O juiz decidirá todas as questões de direito desde que os fatos relevantes estejam provados por documento, só remetendo para os meios ordinários as questões que dependerem de outras provas.
Art. 554.
Até que o inventariante preste o compromisso, continuará o espólio na posse do administrador provisório.
Art. 555.
O administrador provisório representa ativa e passivamente o espólio, é obrigado a trazer ao acervo os frutos que desde a abertura da sucessão percebeu, tem direito ao reembolso das despesas necessárias e úteis que fez e responde pelo dano a que, por dolo ou culpa, der causa.
Seção II Da legitimidade para requerer o inventário
Art. 556.
O requerimento de inventário e partilha incumbe a quem estiver na posse e na administração do espólio, no prazo estabelecido no art. 552.
Parágrafo único
O requerimento será instruído com a certidão de óbito do autor da herança.
Art. 557.
Têm, contudo, legitimidade concorrente:
II - o cessionário do herdeiro ou do legatário;
III - o credor do herdeiro, do legatário ou do autor da herança;
IV - o Ministério Público, havendo herdeiros incapazes;
V - a Fazenda Pública, quando tiver interesse.
Seção III Do inventariante e das primeiras declarações
Art. 558.
O juiz nomeará inventariante:
I - o herdeiro, o cônjuge casado sob o regime da comunhão total ou parcial ou o companheiro que se achar na posse e na administração do espólio, desde que estivesse convivendo com o autor da herança ao tempo de sua morte;
II - qualquer herdeiro, quando nenhum deles estiver na posse e na administração do espólio;
III - o herdeiro menor, por seu representante legal;
IV - o testamenteiro, se lhe foi confiada a administração do espólio ou toda a herança estiver distribuída em legados;
V - o cessionário do herdeiro ou do legatário;
VI - o cônjuge supérstite, qualquer que seja o regime do casamento;
VII - o inventariante judicial, se houver;
VIII - a pessoa estranha idônea, quando não houver inventariante judicial.
Parágrafo único
O inventariante, intimado da nomeação, prestará, dentro de cinco dias, o compromisso de bem e fielmente desempenhar o cargo.
Art. 559.
Incumbe ao inventariante:
I - representar o espólio ativa e passivamente, em juízo ou fora dele, observando-se, quanto ao dativo, o disposto no art. 60, § 1º;
II - administrar o espólio, velando-lhe os bens com a mesma diligência como se seus fossem;
III - prestar as primeiras e as últimas declarações pessoalmente ou por procurador com poderes especiais;
IV - exibir em cartório, a qualquer tempo, para exame das partes, os documentos relativos ao espólio;
V - juntar aos autos certidão do testamento, se houver;
VI - trazer à colação os bens recebidos pelo herdeiro ausente, renunciante ou excluído;
VII - prestar contas de sua gestão ao deixar o cargo ou sempre que o juiz lhe determinar;
VIII - requerer a declaração de insolvência.
Art. 560.
Incumbe ainda ao inventariante, ouvidos os interessados e com autorização do juiz:
I - alienar bens de qualquer espécie;
II - transigir em juízo ou fora dele;
III - pagar dívidas do espólio;
IV - fazer as despesas necessárias com a conservação e o melhoramento dos bens do espólio.
Art. 561.
Dentro de vinte dias contados da data em que prestou o compromisso, o inventariante fará as primeiras declarações, das quais se lavrará termo circunstanciado.

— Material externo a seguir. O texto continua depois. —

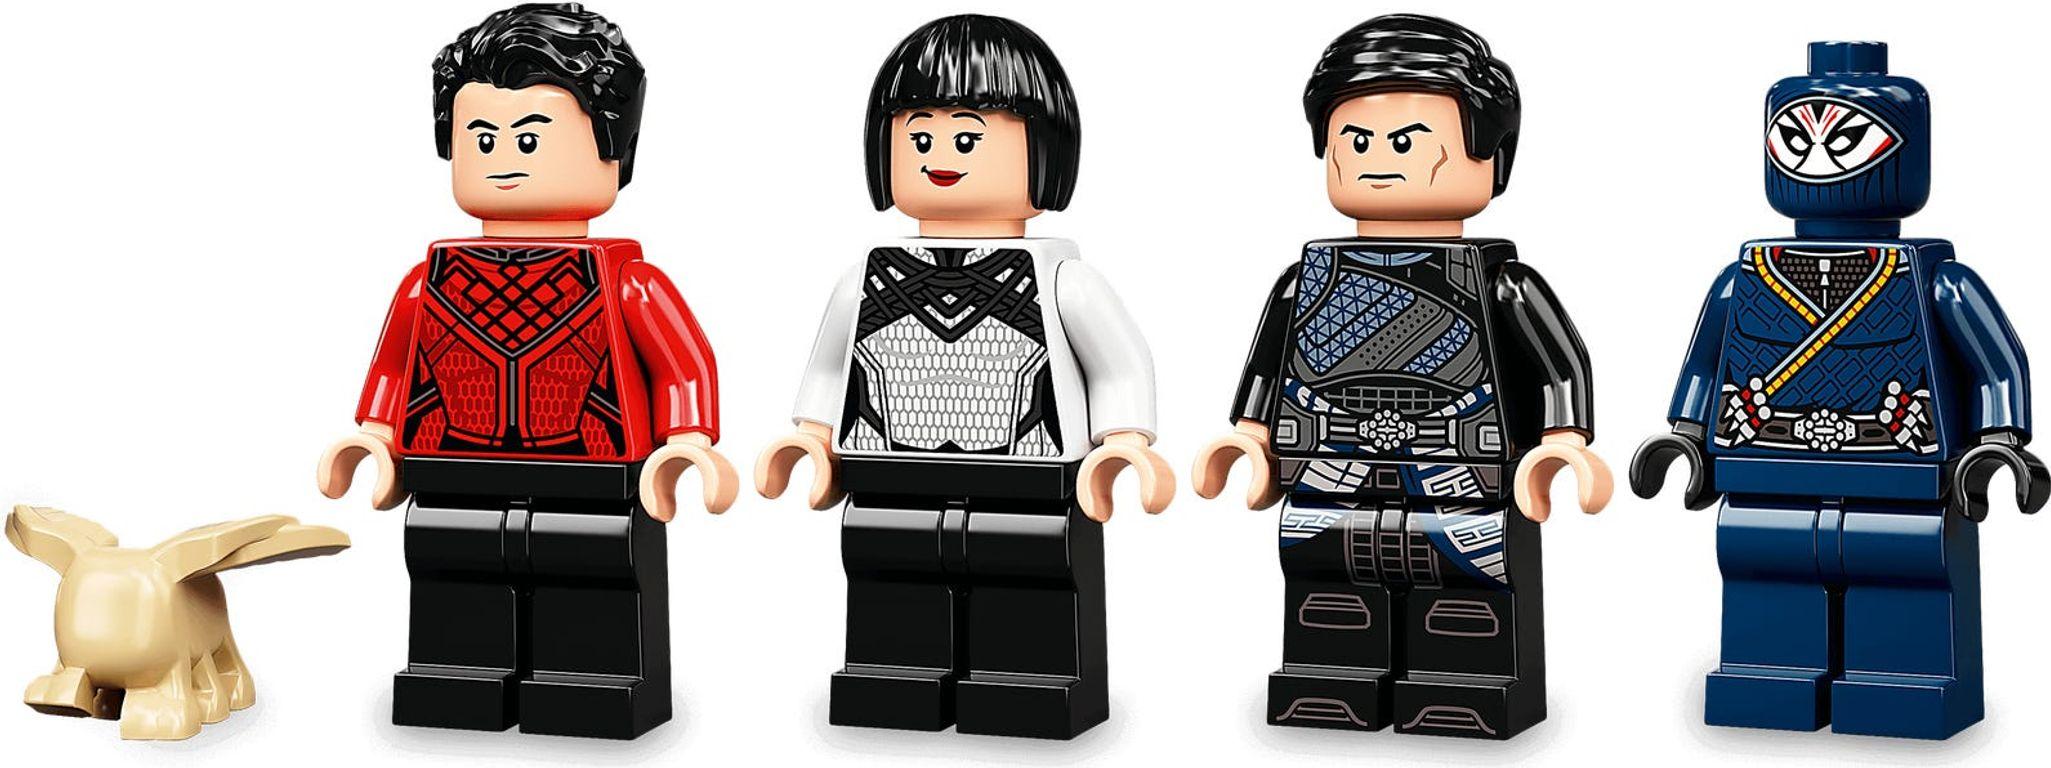 LEGO® Marvel Battle at the Ancient Village minifigures

No termo, assinado pelo juiz, pelo escrivão e pelo inventariante, serão exarados:
I - o nome, o estado, a idade e o domicílio do autor da herança, o dia e o lugar em que faleceu e bem ainda se deixou testamento;
II - o nome, o estado, a idade e a residência dos herdeiros e, havendo cônjuge supérstite, o regime de bens do casamento;
III - a qualidade dos herdeiros e o grau de seu parentesco com o inventariado;
IV - a relação completa e individualizada de todos os bens do espólio, inclusive aqueles que devem ser conferidos à colação e dos alheios que nele forem encontrados, descrevendo-se:
a) os imóveis, com as suas especificações, nomeadamente local em que se encontram, extensão da área, limites, confrontações, benfeitorias, origem dos títulos, números das matrículas e ônus que os gravam;
b) os móveis, com os sinais característicos;
c) os semoventes, seu número, espécies, marcas e sinais distintivos;
d) o dinheiro, as joias, os objetos de ouro e prata e as pedras preciosas, declarando-se-lhes especificadamente a qualidade, o peso e a importância;
e) os títulos da dívida pública, bem como as ações, as quotas e os títulos de sociedade, mencionando-se-lhes o número, o valor e a data;
f) as dívidas ativas e passivas, indicando-se-lhes as datas, os títulos, a origem da obrigação, bem como os nomes dos credores e dos devedores;
h) o valor corrente de cada um dos bens do espólio.
§ 1º
O juiz determinará que se proceda:
I - ao balanço do estabelecimento, se o autor da herança era empresário individual;
II - à apuração de haveres, se o autor da herança era sócio de sociedade que não anônima.
§ 2º
As declarações podem ser prestadas mediante petição, firmada por procurador com poderes especiais, à qual o termo se reportará.
Art. 562.
Só se pode arguir de sonegação ao inventariante depois de encerrada a descrição dos bens, com a declaração, por ele feita, de não existirem outros por inventariar.
Art. 563.
O inventariante será removido:
I - se não prestar, no prazo legal, as primeiras e as últimas declarações;
II - se não der ao inventário andamento regular, suscitar dúvidas infundadas ou praticar atos meramente protelatórios;
III - se, por culpa sua, se deteriorarem, forem dilapidados ou sofrerem dano bens do espólio;
IV - se não defender o espólio nas ações em que for citado, deixar de cobrar dívidas ativas ou não promover as medidas necessárias para evitar o perecimento de direitos;
V - se não prestar contas ou as que prestar não forem julgadas boas;
VI - se sonegar, ocultar ou desviar bens do espólio.
Art. 564.
Requerida a remoção com fundamento em qualquer dos incisos do art. 563, será intimado o inventariante para, no prazo de cinco dias, defender-se e produzir provas.
Parágrafo único
O incidente da remoção correrá em apenso aos autos do inventário.
Art. 565.
Decorrido o prazo com a defesa do inventariante ou sem ela, o juiz decidirá. Se remover o inventariante, nomeará outro, observada a ordem estabelecida no art. 558.
Art. 566.
O inventariante removido entregará imediatamente ao substituto os bens do espólio; deixando de fazê-lo, será compelido mediante mandado de busca e apreensão ou de imissão na posse, conforme se tratar de bem móvel ou imóvel, sem prejuízo da multa a ser fixada pelo juiz em montante não superior a três por cento do valor dos bens inventariados.
Seção IV Das citações e das impugnações
Art. 567.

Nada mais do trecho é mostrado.